*** A CD Baby Top Album Pick in New Age/Contemporary Instrumental and Electronic/Lounge ***
SURRENDER is Jeff Oster's fourth studio album. His new music is decidedly chill and downtempo, perfect for moments when you want to relax, go deeper in love, enjoy a perfect massage or just breathe a little deeper. Sexy and smooth, this music will make you smile...
His previous albums, RELEASED and TRUE, were both voted as Album of the Year and Best Contemporary Instrumental Album by broadcasters worldwide that report to Zone Music Reporter (formerly New Age Reporter.com). Songs from each of his albums won Independent Music Awards for Best New Age Song.
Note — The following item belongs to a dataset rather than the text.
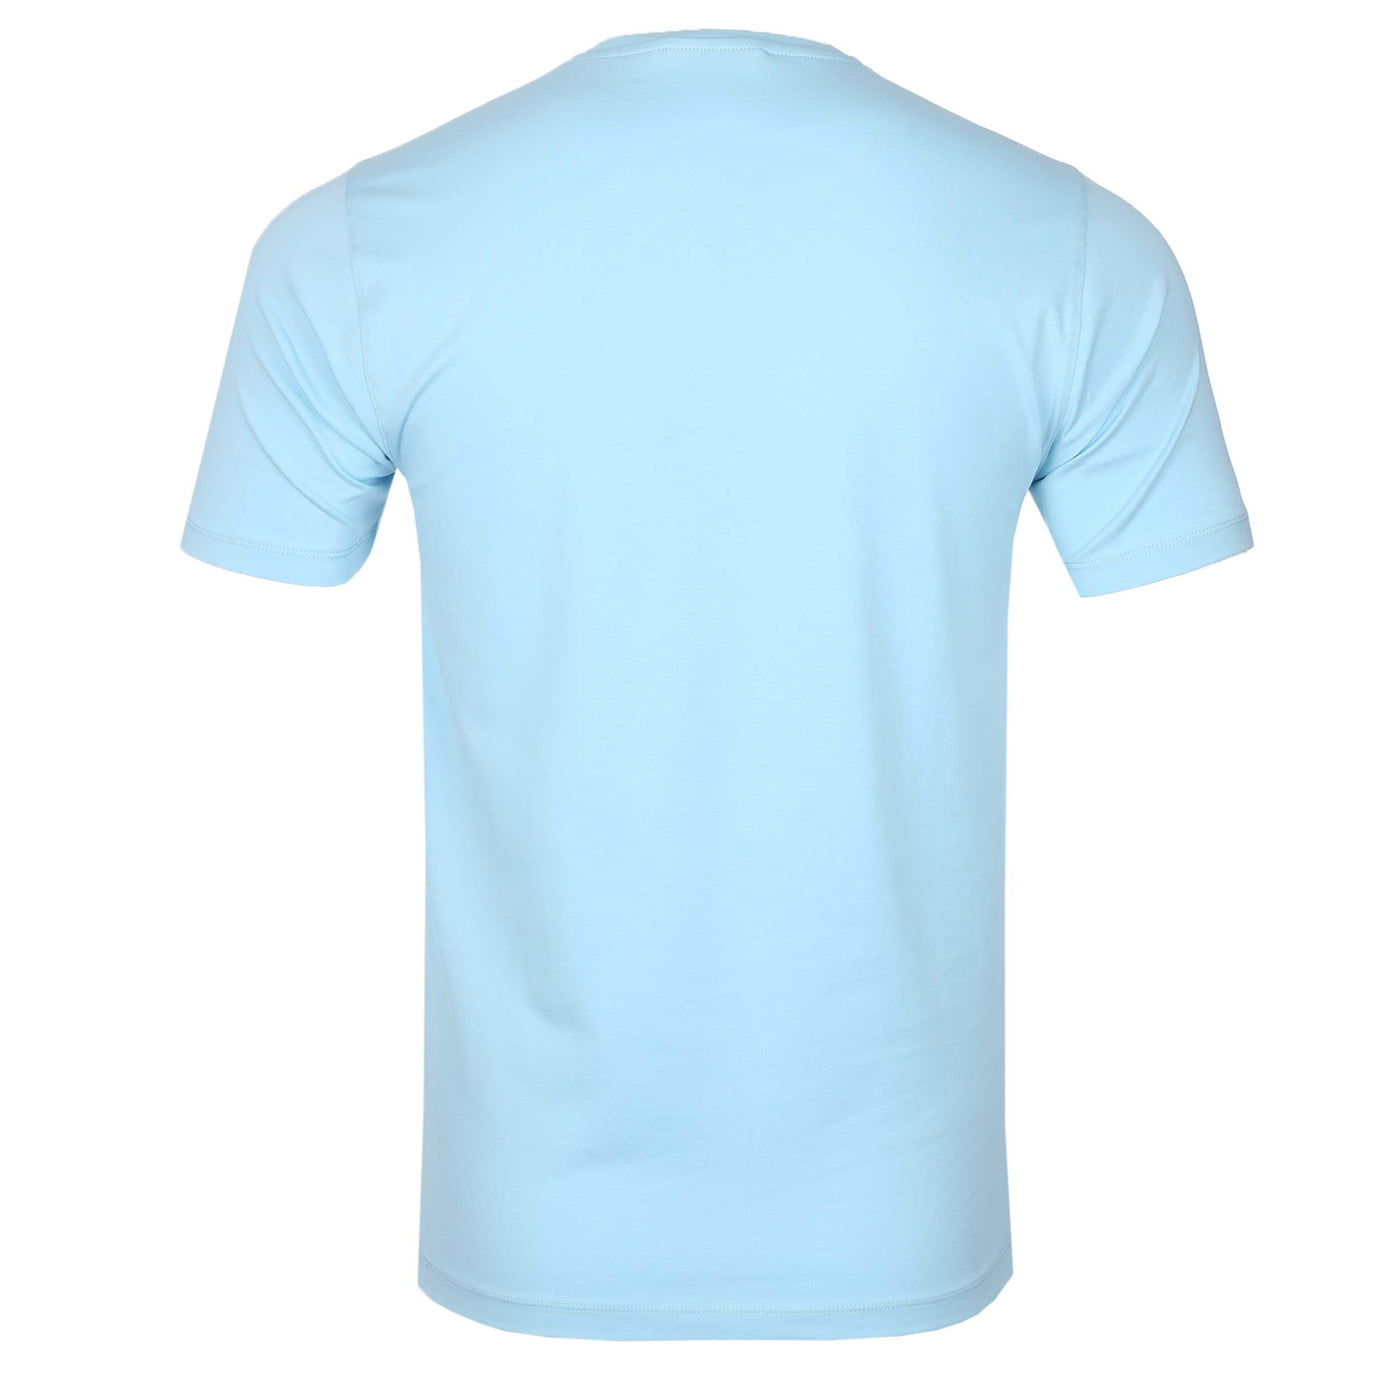 Remus Uomo Basic Crew Neck T Shirt in Sky Blue Back

He is joined on SURRENDER by producer and engineering master Bryan Carrigan. Bryan co-produced SURRENDER with Jeff, and co-wrote eight of the songs on this album. Bryan has worked with such artists as Alanis Morissette, Frank Sinatra, Quincy Jones, Aerosmith and No Doubt, and has done extensive film and television post production on such films as The Devil Wears Prada, K-Pax, Tropic Thunder, Marley and Me, and many more.
He is releasing several albums of original electronic music this year, and his latest album PASSING LIGHTS is available here on CD Baby and on iTunes.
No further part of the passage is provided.